Synchronized downshift rev-matching system (SynchroRev Match) is a technology invented by Nissan for use on the Nissan 370Z. In combination with the Electronic Control Unit (ECU) and various sensors, the engine electronically blips the throttle for the driver during both downshifts and upshifts to allow for better and smoother shifting, and improved handling.

=== Purpose ===
When a car with a manual transmission is in motion with the clutch engaged, there is a mechanical connection between the engine and wheels which keeps them in sync with each other. When shifting, however, depressing the clutch is required. This disconnects the engine from the wheels, and the engine speed is no longer linked to that of the wheels. When upshifting, this is usually not a problem, as the tendency of the engine to reduce speed itself without gas will slow it to loosely match the lower speed of the higher gear. However, when downshifting, the engine needs to speed up to come to speed with the wheels. If the accelerator is not "blipped" (or briefly and quickly pressed to speed up the disengaged engine), the engine will have to take power from the wheels and momentum of the car to come to speed, which is often accompanied by a sudden deceleration of the vehicle due to the power suddenly going to the engine, often described as a "lurch" or "jolt". This sudden external acceleration of the engine through the transmission also causes increased wear on the mechanics of the car. Therefore, a staple of advanced or professional manual-transmission driving is the "rev match", or "throttle-blip", in which the driver quickly brings the engine up to speed with the wheels by use of the throttle. As downshifting is often necessary when accelerating into or out of a curve or other slow-down, advanced techniques such as the "heel-toe method" are often required, in which the toe of the right foot presses on the brake pedal, while the heel of the same foot blips the throttle.

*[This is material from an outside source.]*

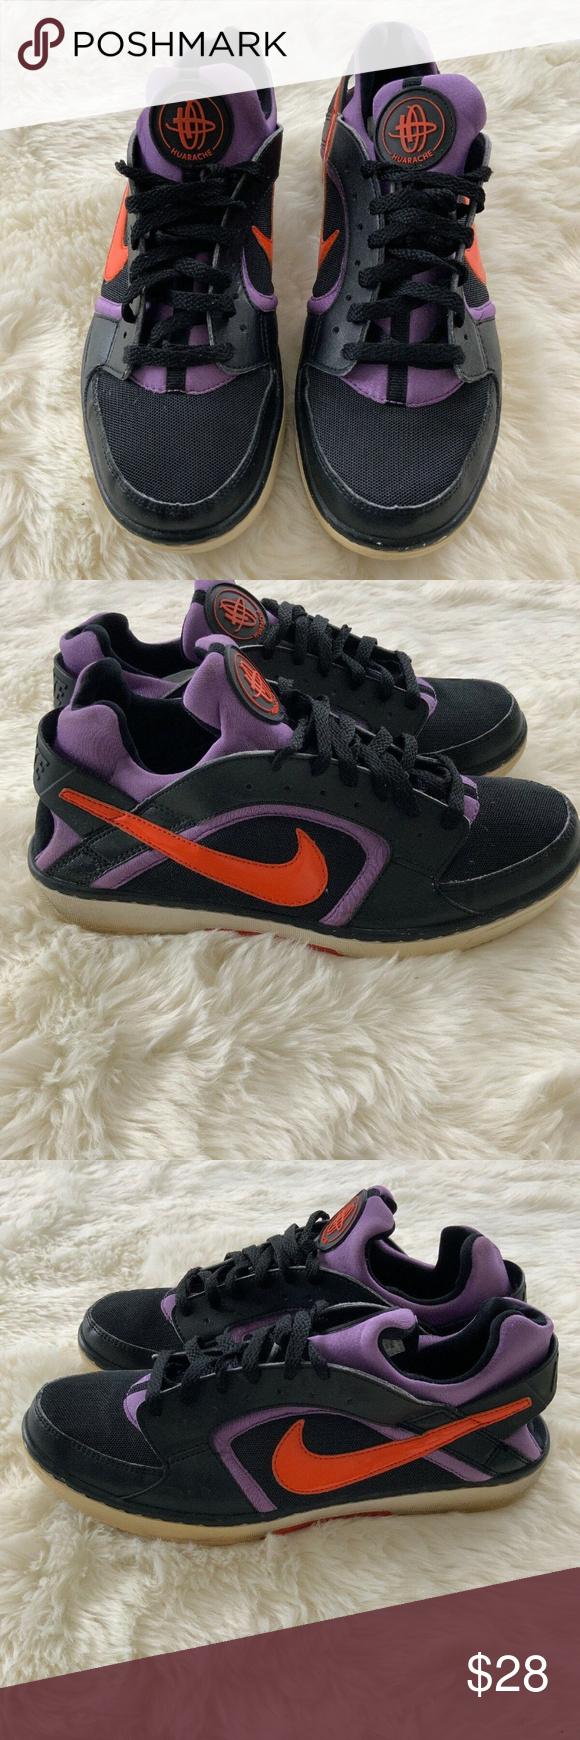 the best attitude 445f8 68981 Nike Huarache Dance Low 2009 Womens 9 Nike Huarache Dance Low 2009 Womens 9  Nike Shoes Sneakers

Nissan's SynchroRev Match system makes such throttle blipping and advanced techniques by the driver unnecessary and accomplishes engine rev-matching automatically.

=== Implementation and experience ===
The system employs sensors on the clutch pedal, gear shift, and transmission, and is coordinated by the ECU. When the clutch pedal is depressed, the system waits for the user to either move the shifter to a different position or to re-engage the clutch. If a new gear is never selected but the clutch has been depressed long enough for the engine to lose speed, the system will bring the engine back to speed for the same gear if the driver begins to raise the clutch. If the shifter is moved to a higher gear and the clutch is re-engaged quickly, the system will let the natural deceleration of the engine sync the drive train with the higher gear. If the clutch is depressed long enough for the engine to fall below the speed of the higher new gear, the computer will blip the throttle to bring the engine back to speed. Most usefully, if a new, lower gear is selected, the computer will accelerate the engine to the new estimated speed, even to the point of redline.

In all cases, the computer continues to adjust the throttle to match the ever-changing target speed of the wheels when the clutch is partially engaged, as the vehicle speed may often change while shifting (for example due to shifting while going up or down a hill). In actual execution, the computer is able to "blip" the throttle due to the presence of an electronic throttle, in which the computer has direct control over both the fuel and air inputs to the engine. As the accelerator pedal in such a system has no direct mechanical connection to the throttle valve, the engagement of the system to change engine speeds is apparent to the driver via sound and tachometer cues only, and the feel or weight of the accelerator pedal remains constant. Regardless of the previous operation, the involvement of the system is ended when the clutch pedal reaches a certain point of re-engagement to ensure the system does not interfere with the driver's intended power output to the wheels. In any case, Nissan has provided a switch to disengage the system, for example in the case of the driver preferring to perform their own rev-matching.